Although the Salisbury and Winchester Journal of 1st June 1829 reports that the Fovant Club, a sick benefit club, ‘met and proceeded to Church, accompanied by their honorary members and an excellent band of music’ on the occasion of their anniversary, very little else is known of the early history of the band.
However, we do have some early photographs of the band. The one shown here (click on it to enlarge) is particularly interesting for a variety of reasons. Firstly, the bandsmen can be distinguished not only by their instruments but also by the fact that they are all wearing a ‘uniform’ cap the first recorded example of a uniform. Secondly, mixed in with the bandsmen are assorted other individuals, some of whom are holding staves/wands, two who have some sort of scarf tied round their hats and another who has a sash across his chest. Lastly, there is a group of young boys who are also holding staves/wands.

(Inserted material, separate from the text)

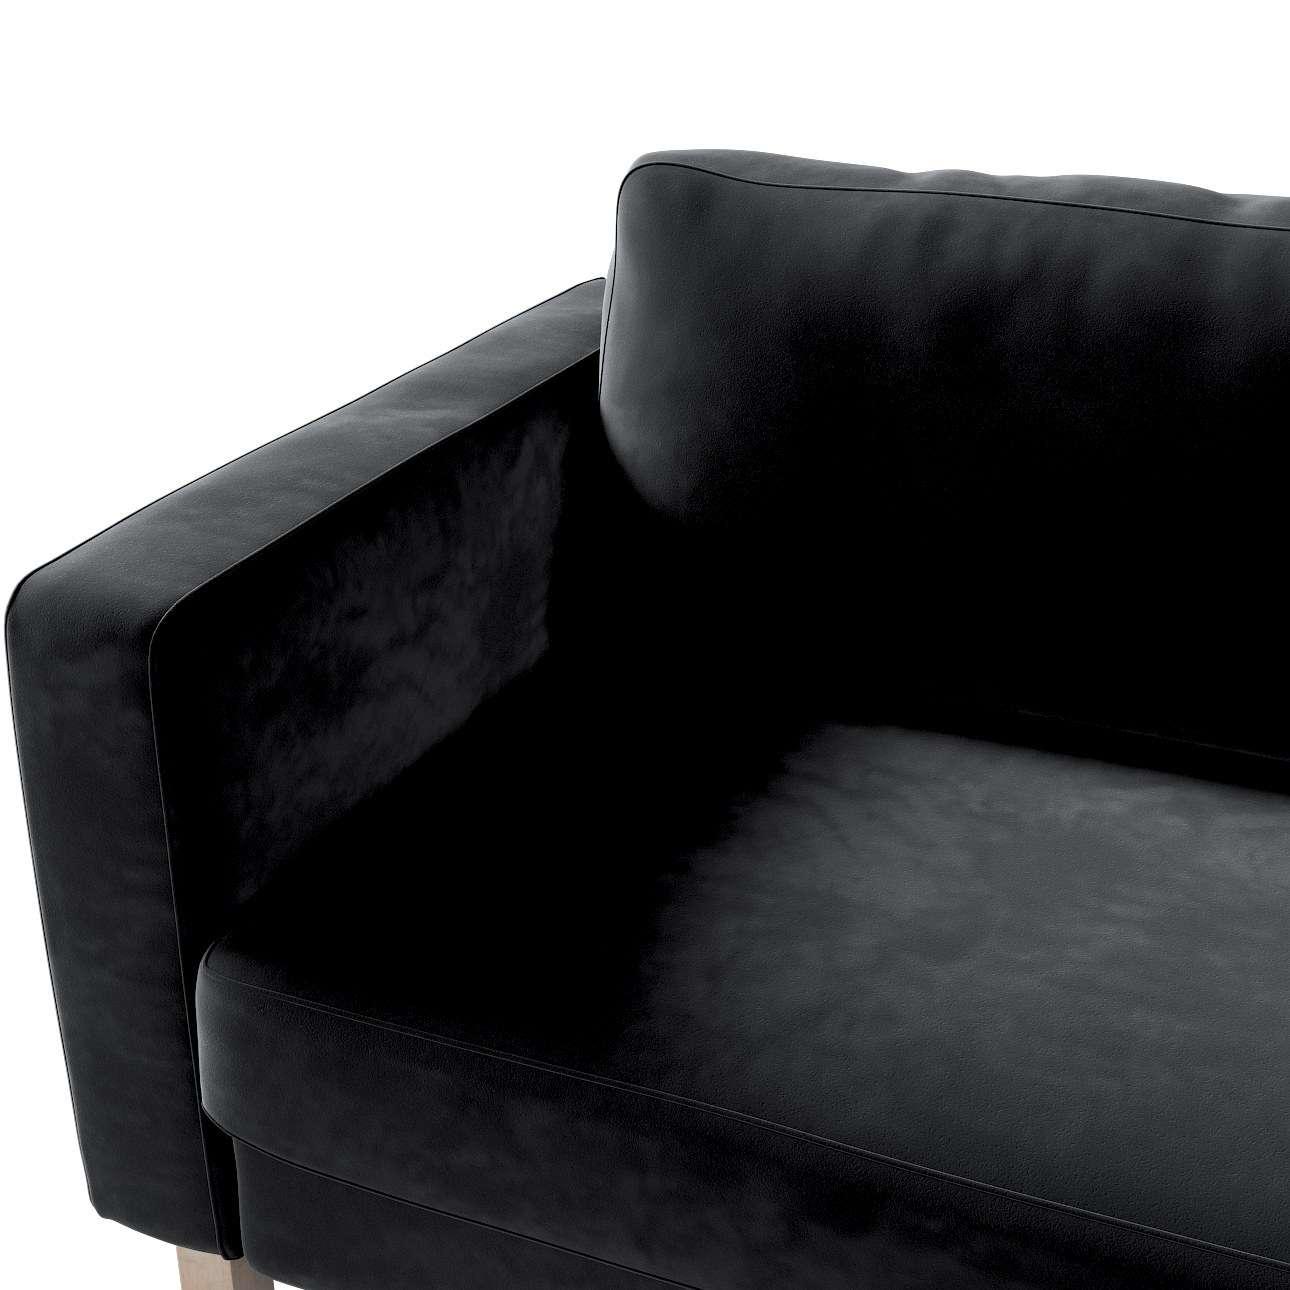 Pokrowiec na sofę Karlstad 3-osobową nierozkładaną, krótki w kolekcji Velvet, tkanina: 704-17

An educated guess is that is the occasion of the Fovant Club’s annual walk to the church after their celebratory breakfast at the Cross Keys. Of this occasion Dr Clay states that ‘each member carried a staff with a pinnacle-shaped head. The stewards had a small flag on their staves ... At the end of the day members gave their staves to the boys of the village to keep until next year. The boys were paid one penny each for this service’. All these elements are in the photograph, which was taken in front of The Old Rectory.
Other postcards and photographs fill in some of the gaps between then and 1939, but largely speaking the documentary evidence for the period is lost to us. However, records of the band from the mid-1950s onwards are now in our possession so this research is ongoing.